Reference no: EM131663997

FUNCTIONS AND LIMITS

1. A rule that assigns to each element x in X a unique element y in Y is called a function from

a) X to X   b) X to Y   c) Y to Y

2. If f : X → Y is a function, then the elements of X are called

a) pre-images   b) images   c) constantans   d) ranges

3. If f : X → Y is a function and x∈X, then

a) f (x) = 1   b) f(x) ∈Y   c) f (x) ∈ X   d) f(x) ∉Y

4. If f: X → f(X) is a function, then the elements of f(X) are called

a) pre-images b) images c) constantans d) ranges

5. If f : x → (3x - 5)/(x + 3) is a function, then f (0) =

a) 5   b) 3   c) - 3/5  d) - 5/3

6. If f : x → (2x² + 5x -1)/(x + 3) is a function, then f(o) =

a) - 1/3  b) - 1/4  c) - 1/5  d) 0

7. If f : x → x² - 2x +1 is a function, then f (t + 1) =

a) t + 1    b) t² + 1   c) t - 1   d) t² - 1

8. If f : X → Y is a function, then domain of f is

a) Y   b) X   c) - X   d) - Y

9. If f : X → Y is a function, then the subset of Y containing all images is called the

a) domain of f   b) range of f   c) subset of X   d) Superset of X

10. If f : X → Y is a function, then x∈X is called the

a) Dependent variable of f   b) independent variable of f  c) Value of f   d) range of f

11. f (x) = x² - 4x + 1 is

a) trigonometric function   b) logarithmic function  c) exponential function   d) algebraic function

12. f (x) = log x is

a) trigonometric function   b) logarithmic function  c) exponential function   d) algebraic function

13. f (x) = e^x is

a) trigonometric function   b) logarithmic function  c) exponential function   d) algebraic function

14. f (x) = ax + b, a ≠ 0 is

a) trigonometric function   b) cubic function  c) quadratic function   d) linear function

15. The graph of a linear function is

a) parabola   b) ellipse   c) hyperbola   d) straight line

16. A function f : X → X defined by f(x) = x, ∀ x∈ X is called the [1/2 f^-1 (x)]
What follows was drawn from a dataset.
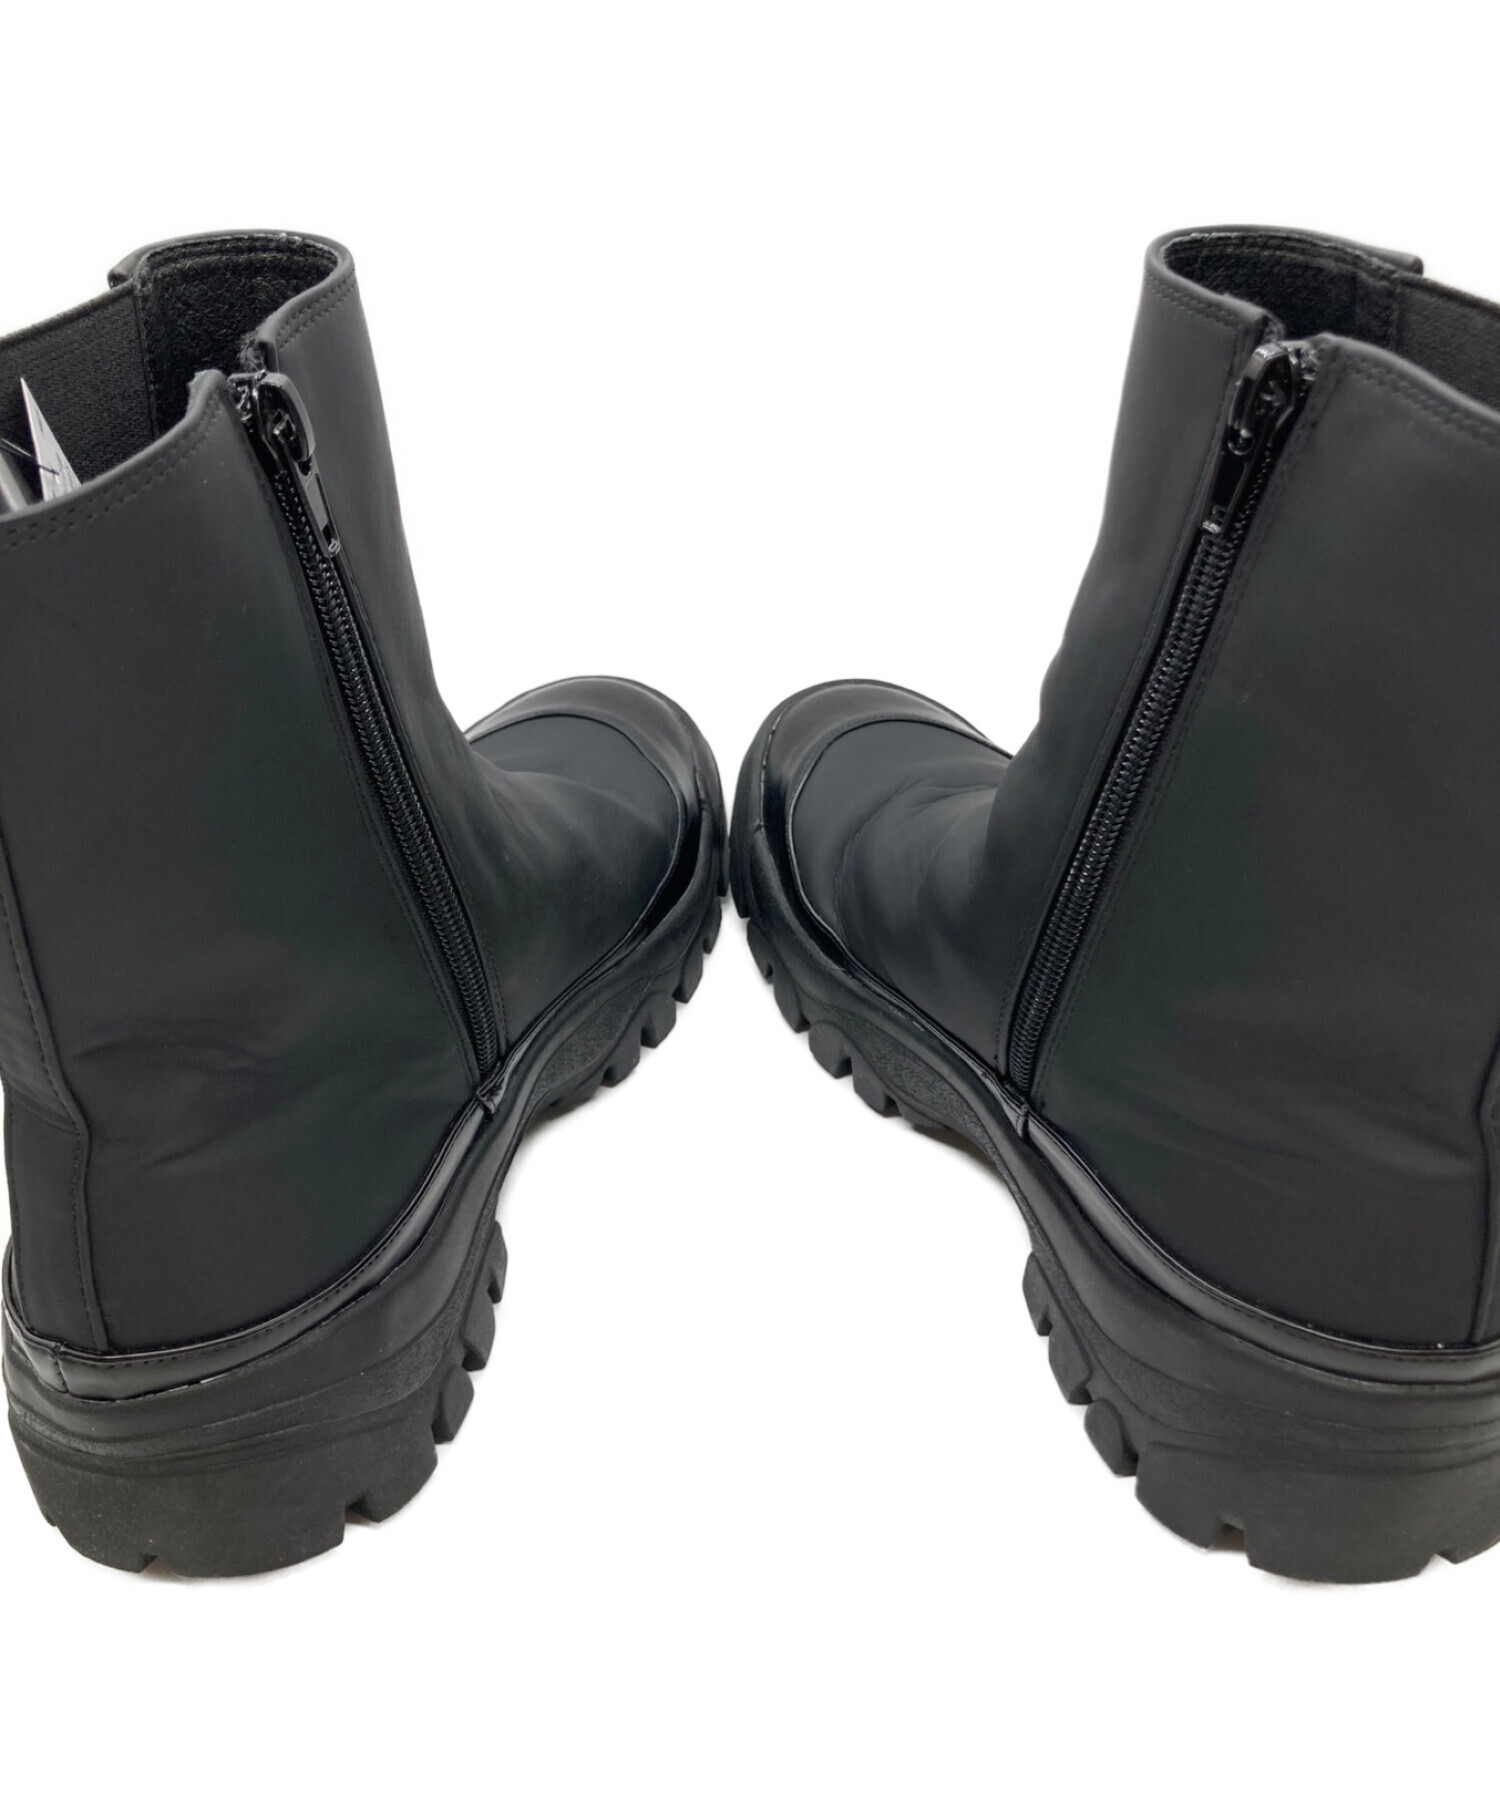 RANDEBOO (ランデブー) vibram (ビブラム) Vibram Chelsea boots / アンクルハイブーツ ブラック サイズ:L

a) trigonometric function   b) cubic function  c) quadratic function   d) identity function

17. The linear function f (x) = ax +b is an identity function if

a) a = 0, b =1   b) a = 1, b =0   c) a = 1, b =1   d) a = 0, b =0

18. If K is a constant, then the function f : x → k is

a) constant function   b) cubic function  c) quadratic function   d) identity function

19. sinh x =

a) (e^x + e^{- x})/2  b) (e^x - e^{- x})/2  c) (e^x - e^{- x})/(e^x + e^{- x})  d) (e^x + e^{- x})/(e^x - e^{- x})

20. tanh x =

a) (e^x + e^{- x}) 2  b) (e^x - e^{- x})/2  c) (e^x - e^{- x})/(e^x + e^{- x})  d) (e^x + e^{- x})/(e^x - e^{- x})

21. cosh ² x - sinh ² x =

a) - 2   b) -1   c) 1   d) 2

22. sinh ^-1 x =

a) In(x + √(x²+1))  b) In(x + √(x² - 1))  c) 1/2 In ( 1+ x )/(1- x)  d) 1/2 In ( x +1 )/(x -1)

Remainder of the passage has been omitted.